Precisamos considerar, contudo, que o mapeamento apresentado nessa pes-
quisa precisa ser planificado pelos órgãos mantenedores da educação, bem como
há a necessidade de que os órgãos da administração pública federal incluam nos
orçamentos anuais e plurianuais ações destinadas a viabilizar tal objetivo, conforme
prevê o Decreto no 5.626/2005.

Considerações finais

De 2003 até agora (2013) são dez anos de atuação do projeto Mapeamento das
Línguas de Sinais Indígenas, o que resultou em um trabalho dinâmico e interativo,
troca de ideias e o compartilhar de conhecimentos, que fez com que o trabalho dos
professores e técnicos possibilitassem a construção e reconstrução das diferentes
metodologias para atendimento dos alunos na Salas de Recursos Multifuncionais.

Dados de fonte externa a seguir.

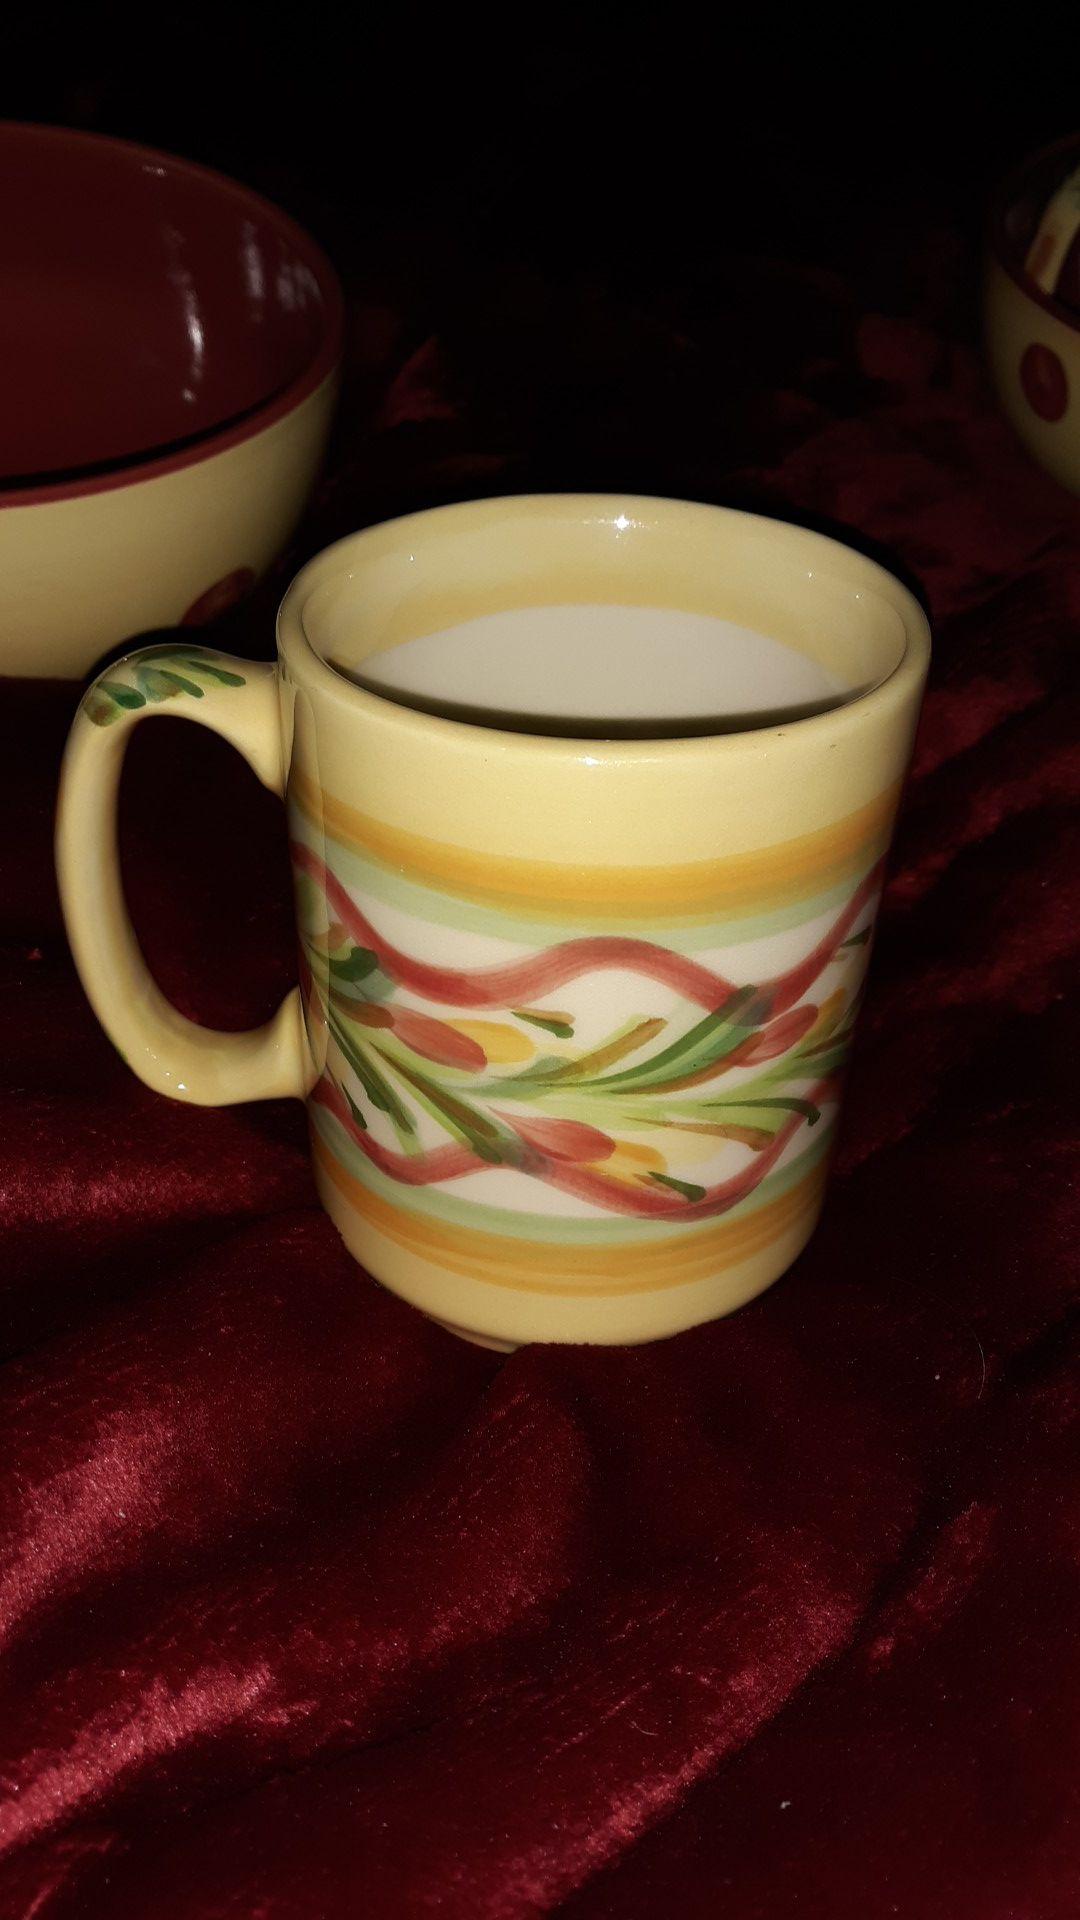 Coffee and bowl set

Após a análise da trajetória da etnoeducação de surdos e o ensino de línguas
dentro da Salas de Recursos Multifuncionais podemos concluir que é possível realizar
e ousar no atendimento. Por mais que se encontrem desafios, todo conhecimento
compartilhado sobre o processo de educação bilíngue e a inserção da Língua de
Sinais em um espaço onde antes só havia destaque para línguas orais, podemos afir-
mar que houve vitórias, as atividades e as tomadas de decisões de toda comunidade
escolar foram inseridas em uma nova realidade, corroborando para a efetivação de
um projeto político pedagógico mais atuante na prática.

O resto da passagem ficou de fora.